The environmental impact of other subscription-based businesses
It’s not just about SaaS or other tech products. The subscription-based business market as a whole is having an effect on environmental efforts.
A 2013 MIT study found consumer behavior largely impacts the potential environmental benefits of online orders. For example, online shoppers had a carbon footprint twice as small as a traditional shopper, which is great. However, it should be noted that customers who demand super-fast delivery nearly triples the transportation costs.
Meal kits, for example, are a unique way to keep down food waste. According to a study by the Food and Agriculture Organization of the United Nations, one third of all food produced in the world is wasted. But with meal subscriptions, food waste is much lower.

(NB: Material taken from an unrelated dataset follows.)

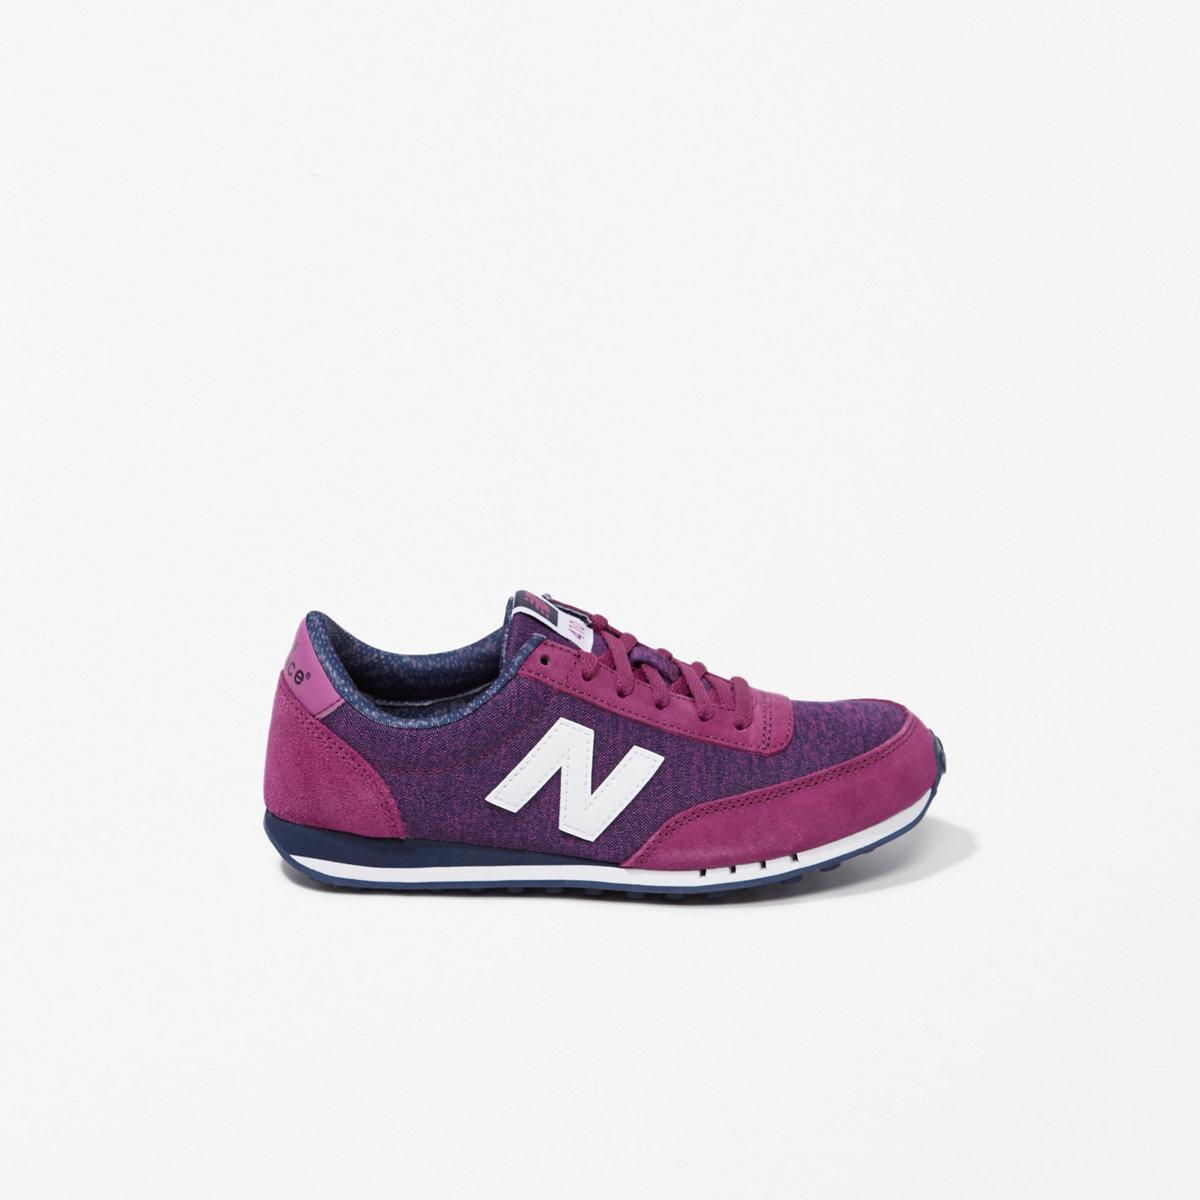 New Balance Optic Pop 410 Sneakers

GOBankingRates reported that only 5% of men and women between 18 and 24 that subscribe to a food subscription service don’t use their purchases. Consequently, research suggests that meal kits have a smaller carbon footprint than traditional grocery shopping methods.
Other subscription businesses are positioned to provide alternatives to environmentally damaging packaging that comes with traditional purchases.
Imagine your toothpaste tube, for example. When it’s empty, do you try to recycle the package or do you just throw it away? Loop is changing the end-of-life for products people use every day. With a Loop subscription, customers receive products in durable, reusable containers. When the product is empty, consumers return the container, which is then cleaned and refilled for future use.
Greening the future with subscription-based businesses
The road to environmental sustainability is not a defined path yet; however, it’s gaining momentum, from startups to enterprise businesses.
As Jeffrey Wissink, founder of Navant Partners a Forbes Council Member, wrote: “…If ‘reduce, reuse, recycle’ are key tenants of environmental responsibility, a subscription … could allow me to efficiently reduce and reuse.”
But with all the steps businesses are taking to reduce their environmental impact on the earth, more changes need to be made.
Referring to Microsoft’s recent carbon-negative announcement, Elizabeth Sturcken from the Environmental Defense Fund said, “It’s a hat trick of sustainability leadership. But to really shift the needle on climate change, we need 1,000 other [companies] to follow-suit and turn rhetoric into action.”
What steps can your subscription business take to reduce your carbon footprint?